On the other hand, in SymPy, there is a `powerset()` method
available which returns the power set:

```
>>> s1 = FiniteSet(1, 2, 3)
>>> s1.powerset()
{EmptySet(), {1}, {2}, {3}, {1, 2}, {1, 3}, {2, 3}, {1, 2, 3}}
```

You can see that the `powerset()` method returns the power set and not the
elements in it.

## Choice of SymPy's `FiniteSet` over `set`

From the above comparison, we can see that SymPy's `FiniteSet`
provides us with nice features such as being able to use the `*`
operator to find the cartesian product, `**` operator to calculate
the cartesian product with itself and `powerset()` method for calculating the
power set. These are not present when using the built-in `set` data
structure. This was certainly a big driving factor in my choice,
since SymPy was also being used in other chapters of the book.

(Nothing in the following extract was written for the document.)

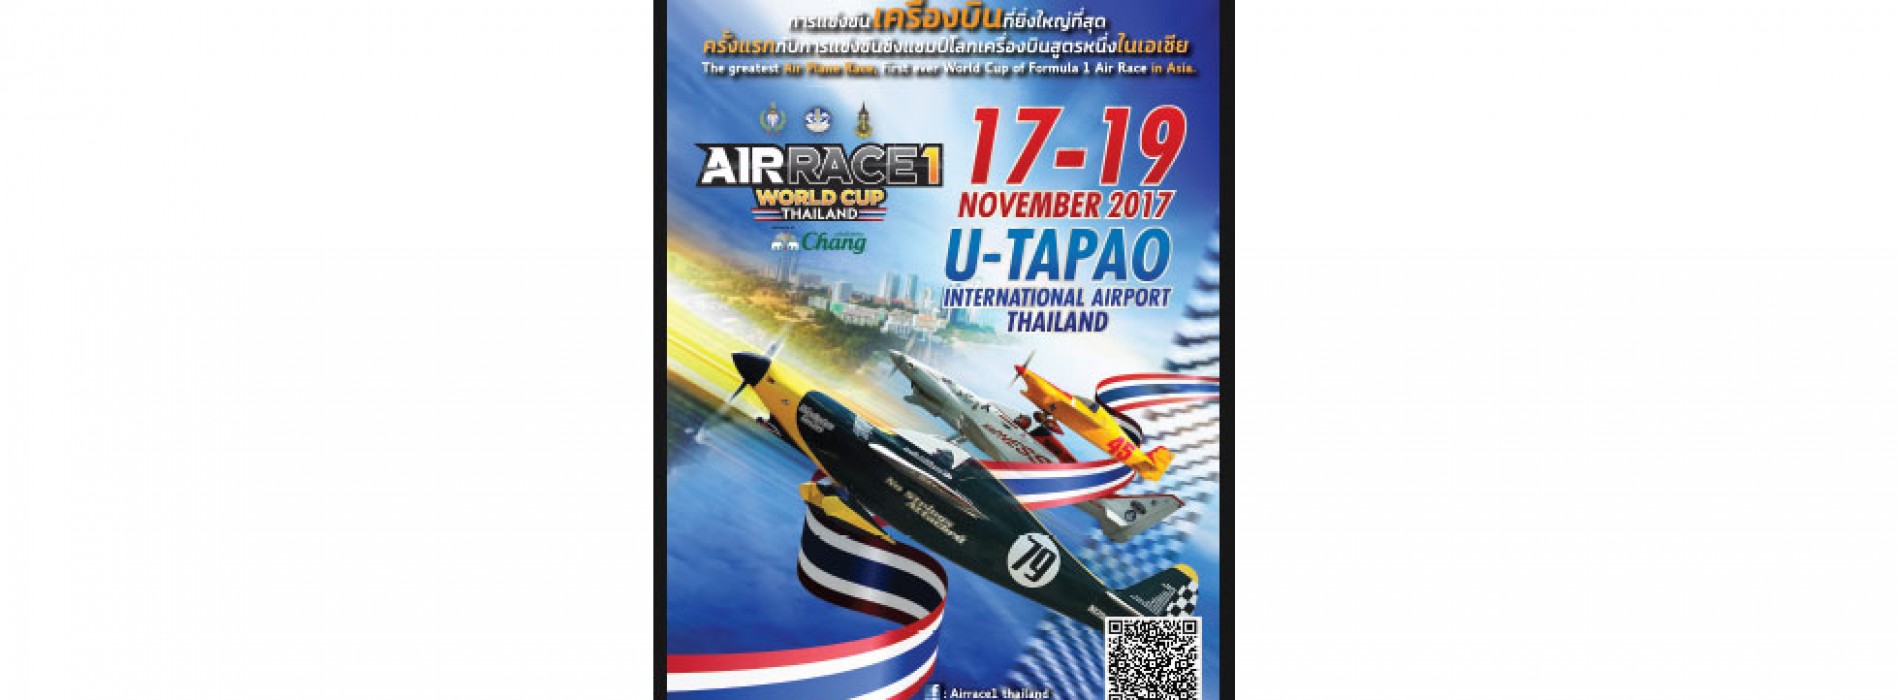 Thailand revs up Air Race 1 World Cup Thailand 2017

However, a *key* reason for my choice was that I wanted to show how we
can create sets which did not allow addition or removal once created -
like mathematical sets. This need was fulfilled by SymPy's
`FiniteSet` since it used Python's `frozenset` data structure and
not the `set` data sturcture.

The alternative to that would have
been to use `frozenset` directly, but I just did not like the idea
of it and I would have also missed out on the nice features
`FiniteSet` would provide (eventually). I should note here that once
I had made the decision to go with `FiniteSet`, I contributed patches
to SymPy to make the methods of `FiniteSet` more compatible with Python's built in set
and also implement minor features I discussed above.